Which his unerring Providence intends
Erroneous mankind should not understand,
Would not permit Balcarres' hand,
(That once, with so much industry and art,
Had closed the gaping wounds of every part,)
To perfect his distracted nation's cure,
Or stop the fatal bondage 'twas t' endure;
Yet, for his pains, he soon did him remove
From all th' oppression and the woe
Of his frail body's native soil below,
To his soul's true and peaceful country above.
So, Godlike kings, for secret causes, known,
Sometimes, but to themselves alone,

One of their ablest ministers elect,
And send abroad to treaties which they intend
Shall never take effect;

But, though the treaty wants a happy end,
The happy agent wants not the reward
For which he laboured faithfully and hard;
His just and gracious master calls him home,
And gives him, near himself, some honourable room.
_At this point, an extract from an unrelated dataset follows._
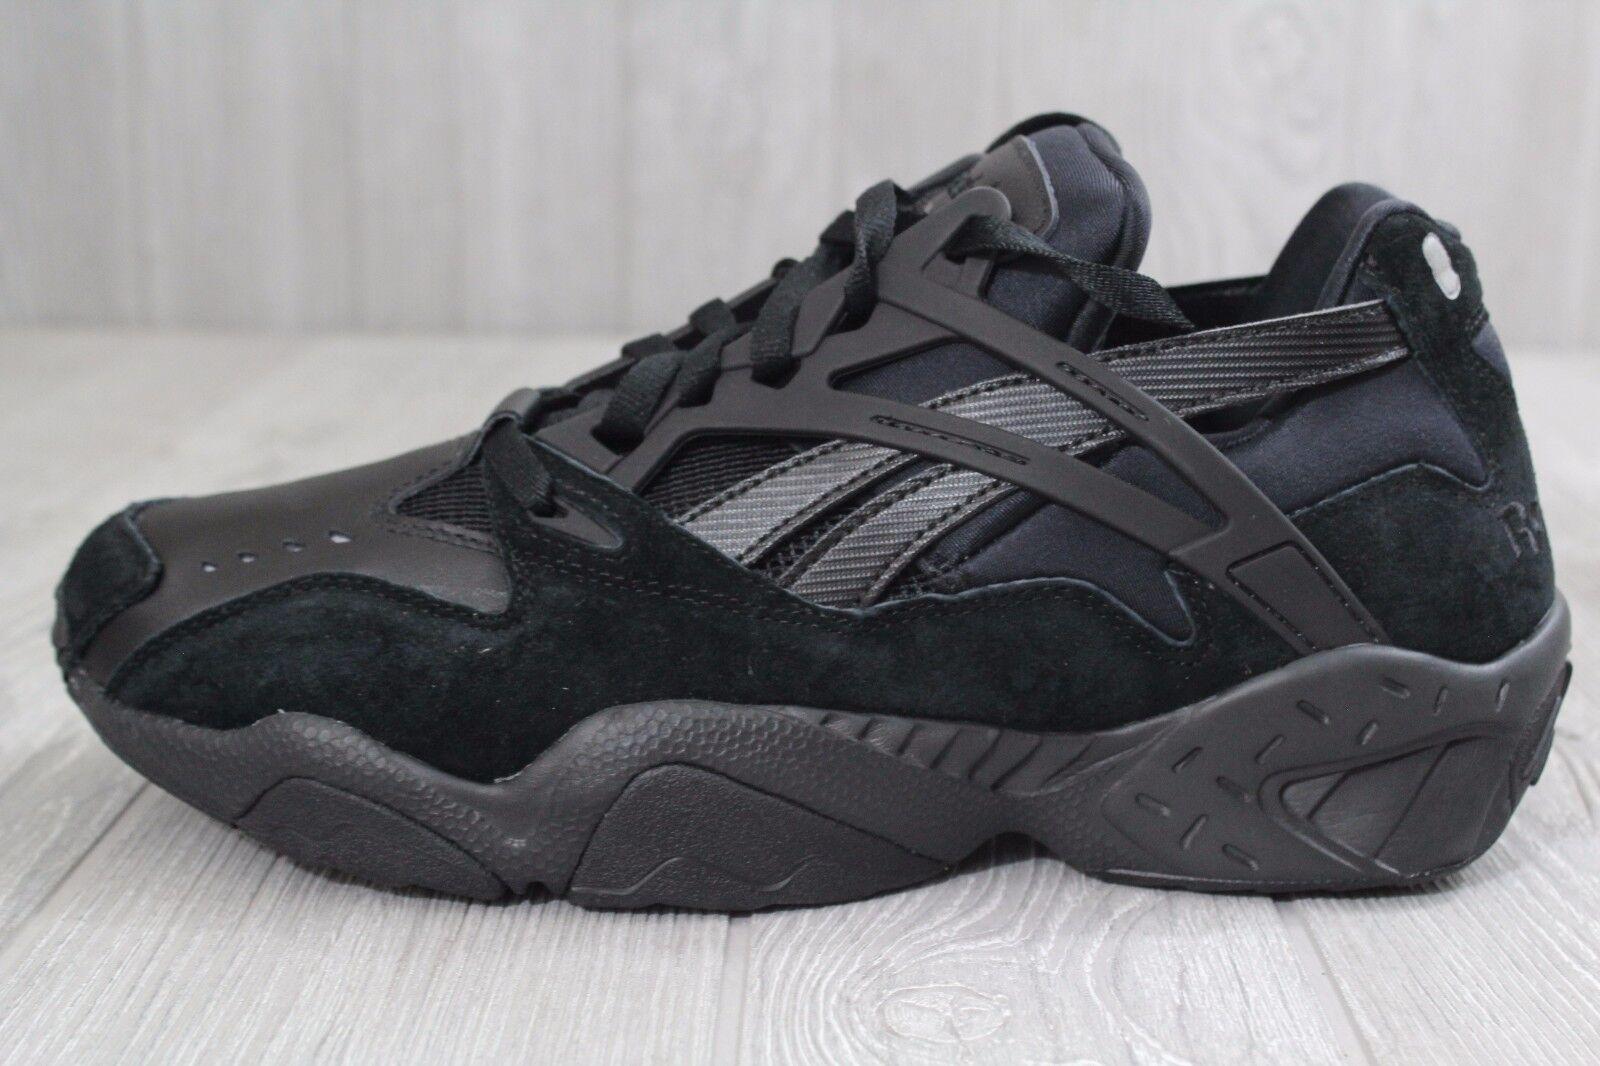 20 New Reebok Men's Sneakers

Noble and great endeavours did he bring
To save his country and restore his king;
And whilst the manly half of him, (which those
Who know not love to be the whole suppose,)
Perform'd all parts of virtue's vigorous life,
The beauteous half, his lovely wife,
Did all his labours and his cares divide,
Nor was a lame nor paralytic side;
In all the turns of human state,
And all th' unjust attacks of fate,

Immediately after the Restoration, Lord Balcarres having “pawned and ruined his estate" in the royal cause,* King Charles, in the promptest and kindest manner, settled a pension of L.1000 a-year on his widow and the eldest survivor of her two sons, on the former giving up, during their minority, a patent which had been granted their father of the hereditary government of the Castle of Edinburgh.-And here I think it not only due to the memory of the unfortunate House of Stuart to bear testimony to the constant kindness and sympathy which my own family experienced at their hands, (not merely during the sunshine of their prosperity, but in the darkest hours of mutual destitution and exile,)-but indispensable also, in the present instance, to account for the feeling of personal and affectionate gratitude entertained for them by the author of the following memoirs, and which must be borne in recollection as the key, in great measure, to the whole history of his life.

For several years after the Restoration, Lady Balcarres re

She bore her share and portion still,
And would not suffer any to be ill.
Unfortunate for ever let me be

If I believe that such was he
Whom in the storms of bad success,
And all that error calls unhappiness,

His virtue and his virtuous wife did still accompany!

His wisdom, justice, and his piety,

His courage, both to suffer and to die,
His virtues-and his lady too,

Were things celestial."

Baxter.

sided in privacy in Fifeshire, devoting herself to the education of her children. Charles, the eldest, dying in 1662, her care became then concentrated on the survivor, Colin, and his sisters. Her maternal duties fulfilled, she became the second wife of Archibald, the unfortunate Earl of Argyle, beheaded in 1685, whom also she survived for many years.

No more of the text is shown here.